PROBLEM — Look through the listing below for the line with "I'm a mom, a" and the line with "A workroom where". Copy both, along with every line between them, exactly and with no pictures.

*** RECORDS FOR THIS TASK Section Begins ***

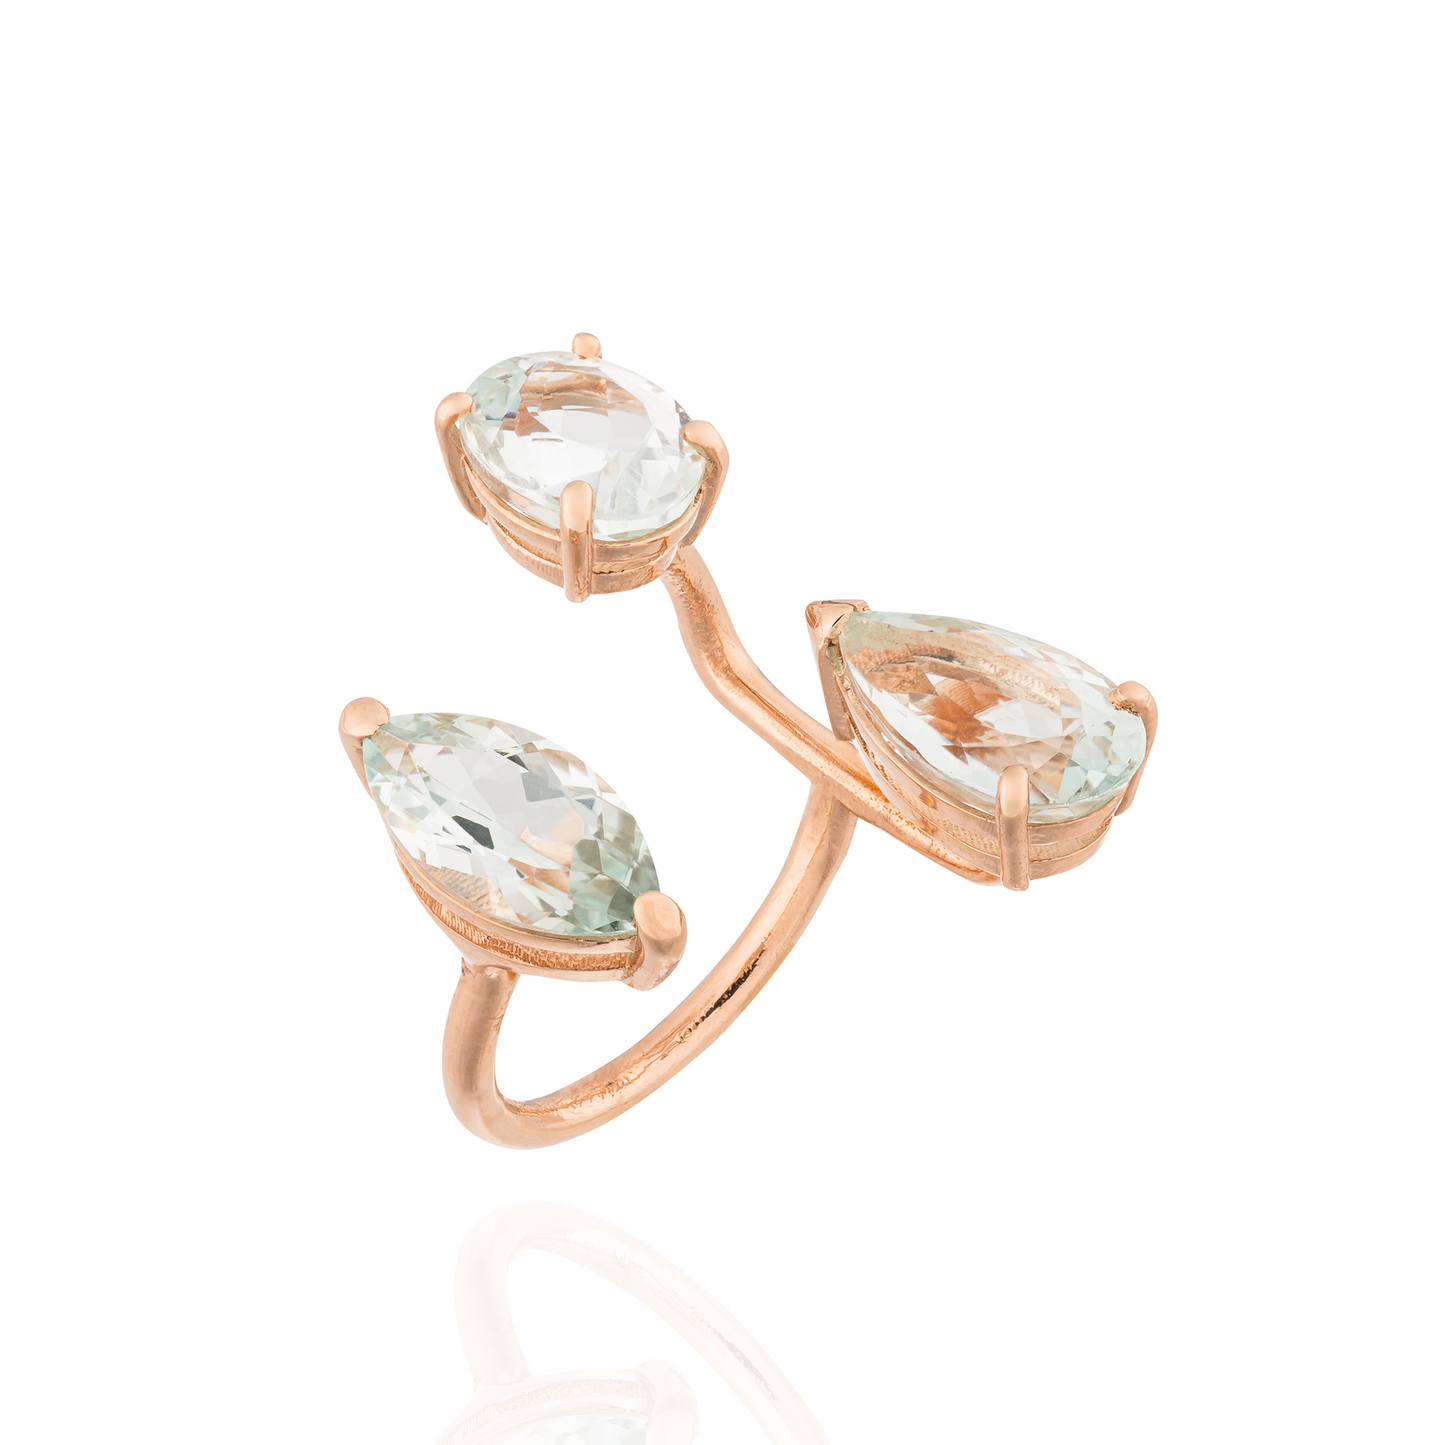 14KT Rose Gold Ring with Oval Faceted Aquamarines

*** RECORDS FOR THIS TASK Section Ends ***
*** RECORDS FOR THIS TASK Section Begins ***

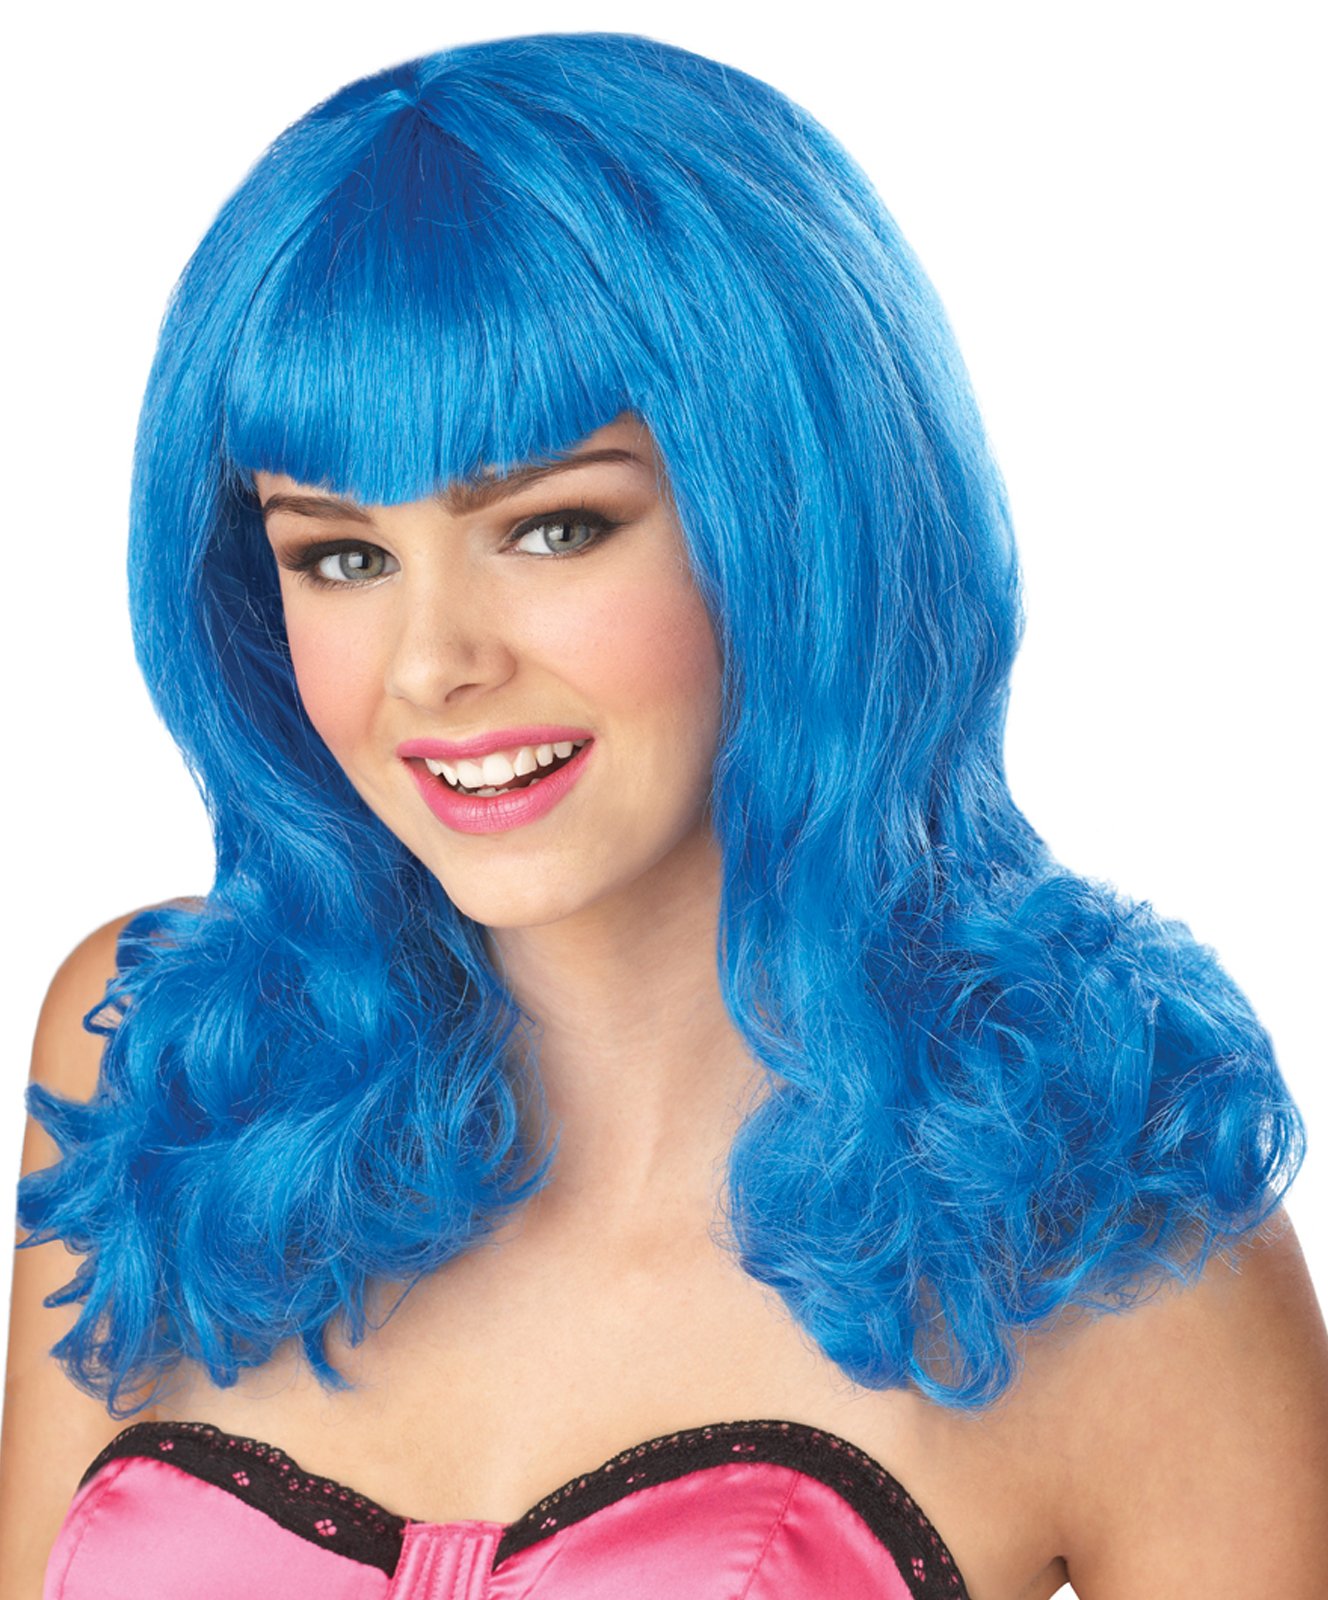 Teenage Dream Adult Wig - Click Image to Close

*** RECORDS FOR THIS TASK Section Ends ***
*** RECORDS FOR THIS TASK Section Begins ***

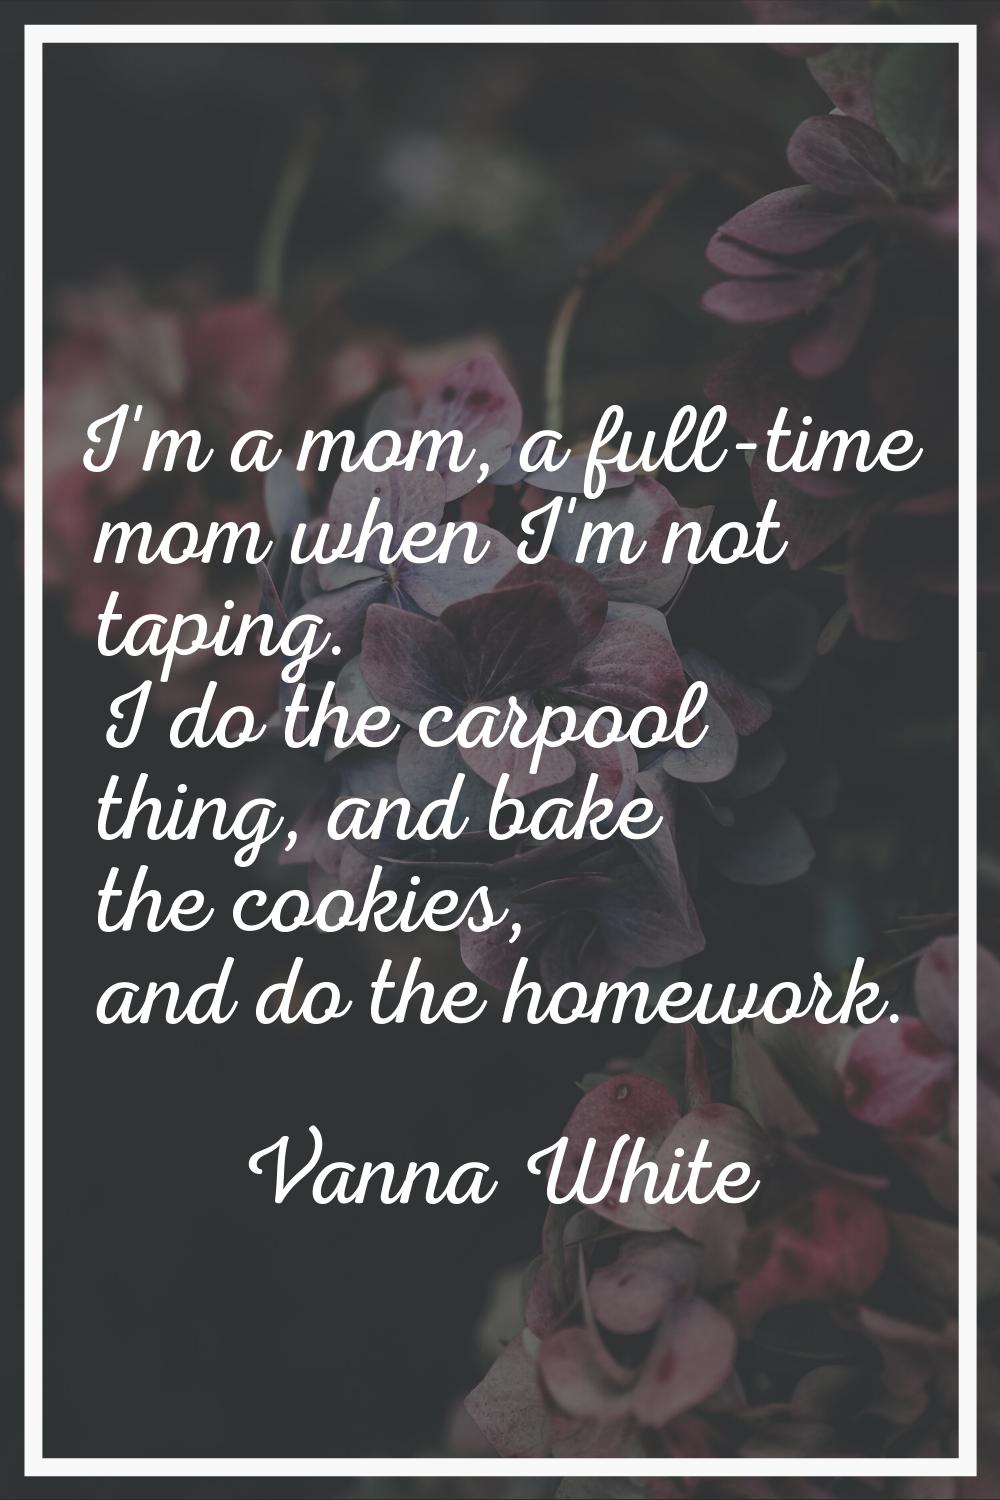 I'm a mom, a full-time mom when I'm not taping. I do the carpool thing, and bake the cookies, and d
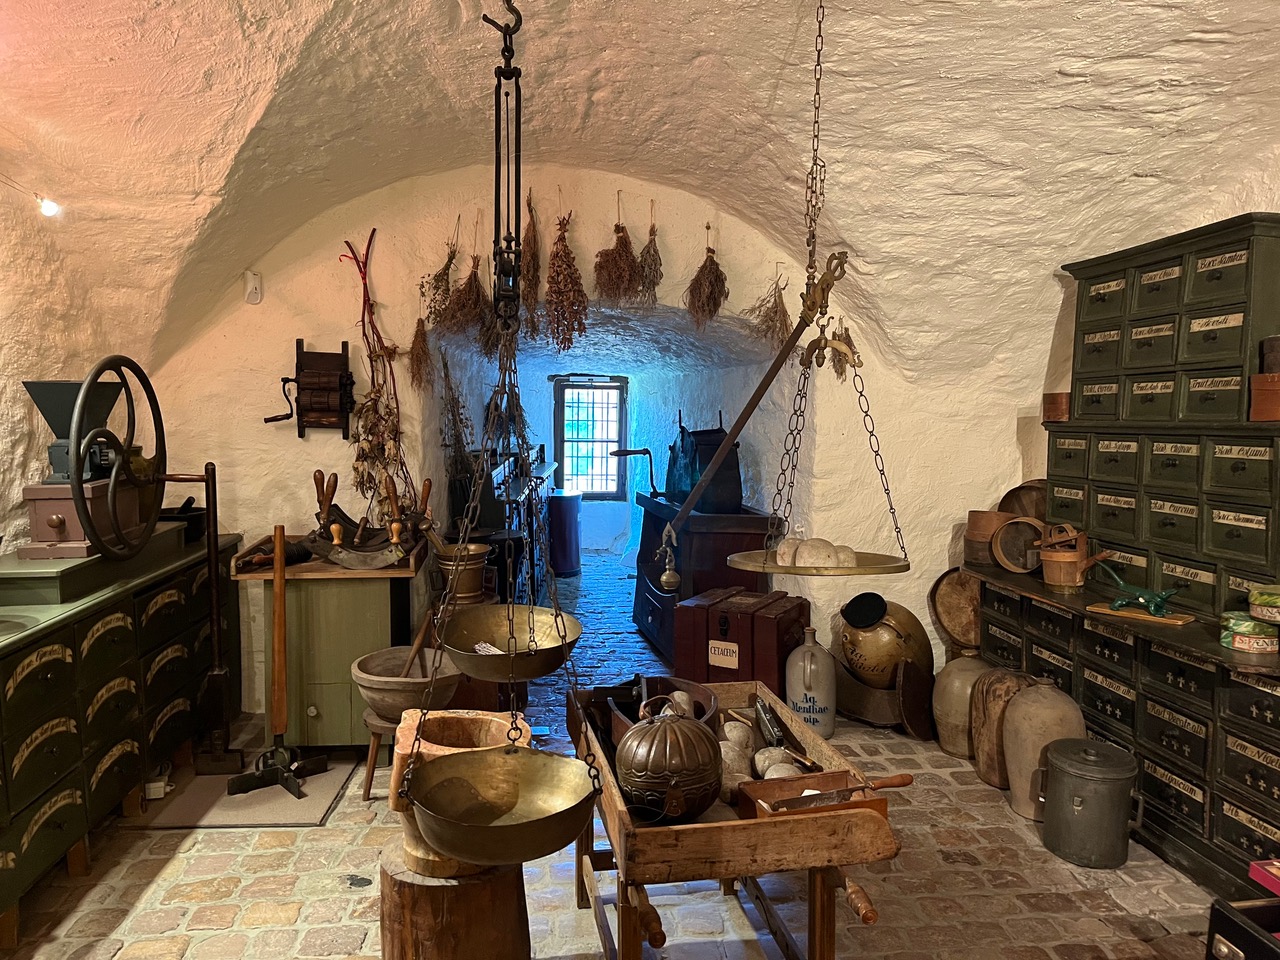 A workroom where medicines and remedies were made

*** RECORDS FOR THIS TASK Section Ends ***

WRITTEN REPLY —
 I'm a mom, a full-time mom when I'm not taping. I do the carpool thing, and bake the cookies, and d
 A workroom where medicines and remedies were made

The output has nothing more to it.